BCBS (2000) notes these stress tests can be viewed in terms of maturity ladders and should be carried out for each major currency the bank operates in. BCBS (2013b) requires this to be done for contractual maturities of inflows and outflows. In addition, the bank can look at cashflow summary reports and sufficiency reports. Matz (2007) gives an example of a cashflow summary report and this is shown in Table 2.2.2. Table 2.2.2 shows the ratio of income to outflow of cash each month and is checked to see if it is above a certain level. If it is below the level, the bank will need to take action. Matz (2007) also gives an example of a sufficiency report and this is shown in Table 2.2.3. Banks want to know how long they can survive with their current liquid asset holding under different scenarios. They will monitor this expectation and check it is above their target survival period. If expected survival is less than the target survival period, the bank will take action to increase the survival period.

Table 2.2.2: Cashflow summary report from Matz (2007)

March April May

Ordinary course of business scenario actual 1.24:1 1.27:1 1.21:1

limit 1.20:1 1.20:1 1.20:1

Bank-specific scenario, stress level 1 actual 1.16:1 1.11:1 1.12:1

limit 1.10:1 1.10:1 1.10:1

Bank-specific scenario, stress level 2 actual 1.02:1 0.94:1 1.04:1

guidance minimum 1.00:1 1.00:1 1.00:1

Table 2.2.3: Sufficiency report from Matz (2007)

Forecast number of months before negative cashflows consume the standby liquid assets

Required minimum number of time

periods Normal course of business scenario 24 12

Bank-specific funding scenario

Stress level 1 18 12

Stress level 2 2 4

Systemic-funding scenario

Stress level 1 15 12

Stress level 2 8 9

All these scenarios helps the bank understand its liquidity needs especially in times of crisis. As Brunnermeier and Pedersen (2009) note liquidity crisis can happen quickly and can impact across assets so it is important to have a plan in place so it can react quickly.

Liquidity risk modelling cannot be carried in isolation. Gea-Carrasco and Little (2013) note that considering liquidity risk without other risk leads to underesti- mating solvency risk. To effectively manage liquidity risk, Gea-Carrasco and Little (2013) say there is a need to address exposure in the following areas:

• Market liquidity risk;

• Funding liquidity risk;

• Liquidity stress testing; and

• Contingency planning.

As such liquidity risk modelling needs to be taken into consideration with Asset Liability Modelling (ALM). Wylie (2013) notes that the ALM team traditionally concentrates on interest rate risk.

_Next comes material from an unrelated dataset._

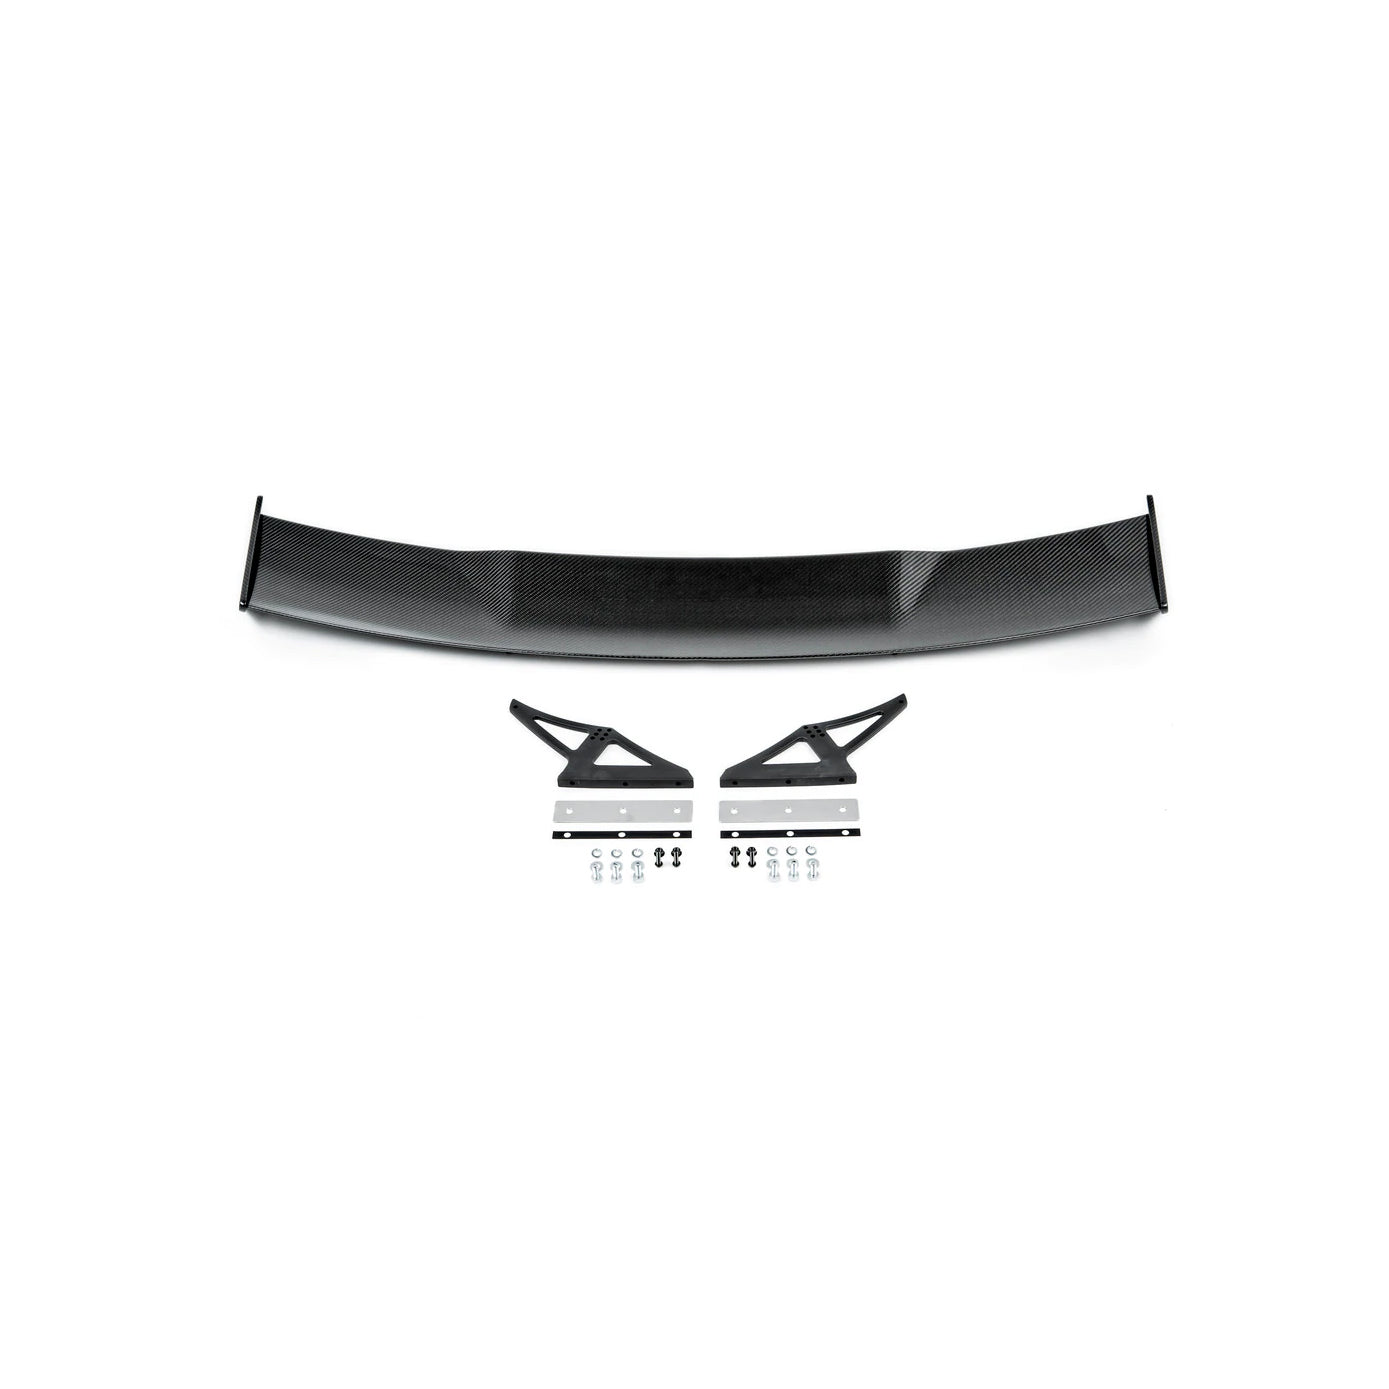 3D Design F80 M3 Dry Carbon Racing Wing

However, it has now become responsible for:

• Liquidity;

• FTP;

• Capital management; and

Kunghehian (2010) assesses the main tools used for ALM. These are:

• Gap analysis;

• Net interest income simulation;

• Market value sensitivity measures; and

• Earning at risk.

Information about these methods can be found in Wylie (2013) and Crouhy et al. (2006). Kunghehian (2010) lists the pros and cons of each method.

BCBS (2008b) notes a range of measurements and metrics are needed to be used as no single number can adequately quantify liquidity risk. The different approaches have their pros and cons but by carrying out multiple approaches this will assist the bank with their understanding of funding liquidity risk. BCBS (2008b) states that stress testing helps banks identify potential liquidity risk and the results can be used to develop their contingency plan.